Doubly nonlinear Schrödinger normalized ground states on 2D grids: existence results and singular limits
Daniele Barbera, Filippo Boni, Simone Dovetta, Lorenzo Tentarelli
TL;DR
This work establishes existence and asymptotic convergence results for normalized ground states of a doubly nonlinear Schrödinger energy on 2D grids with both standard and concentrated nonlinearities. By developing an extension framework from grid to plane and leveraging grid-Gagliardo–Nirenberg inequalities, it proves ground-state existence in finite and periodic vertex configurations and derives sharp singular limits as the grid spacing vanishes. In the $\mathbb{Z}^2$-periodic case, the grid problem converges to the classical 2D plane problem with two bulk nonlinearities, while in the $\mathbb{Z}$-periodic case the limit reduces to line- or strip-concentrated nonlinearities, including singular delta-type conditions along a line.
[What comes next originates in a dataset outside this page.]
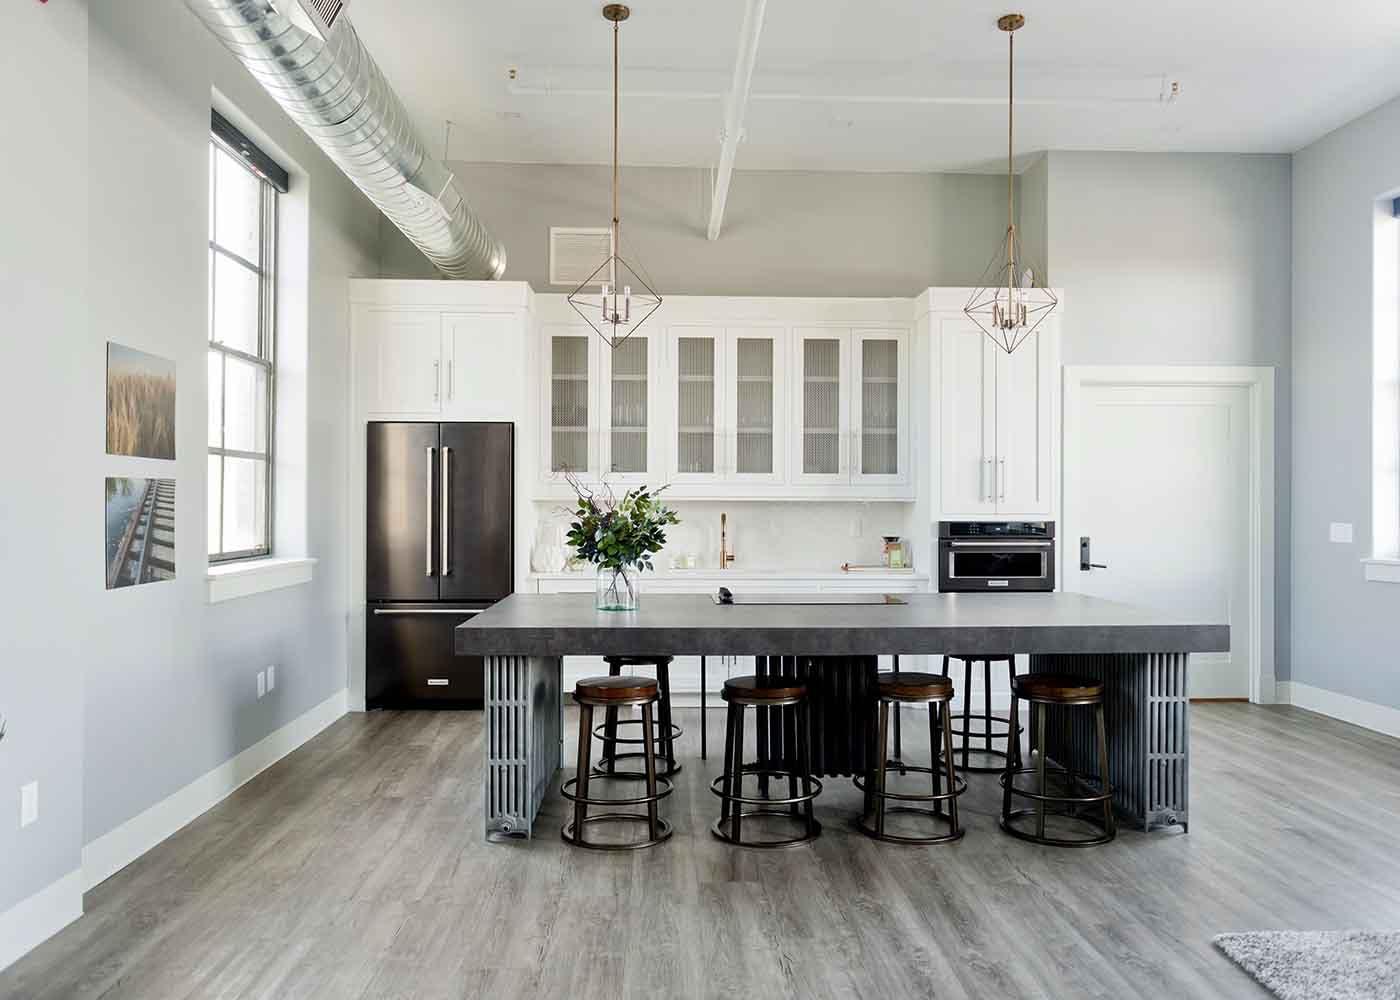 Interior kitchen at a luxury condo

The results provide a rigorous bridge between nonlinear Schrödinger equations on metric graphs and their high-dimensional Euclidean limits, offering precise energy convergence and strong $H^1$-type convergence for ground states.
Abstract
We investigate the existence and the singular limit of normalized ground states for focusing doubly nonlinear Schrödinger equations with both standard and concentrated nonlinearities on two-dimensional square grids. First, we provide existence and non-existence results for such ground states depending on the values of the nonlinearity powers and on the structure of the set of vertices where the concentrated nonlinearities are located. Second, we prove that suitable piecewise-affine extensions of such states converge strongly in $H^1(\R^2)$ to ground states of corresponding doubly nonlinear models defined on the whole plane as the length of the edges in the grid tends to zero. This convergence is proved both for limit models with standard nonlinearities only and for models combining standard and singular nonlinearities concentrated on a line or on a strip.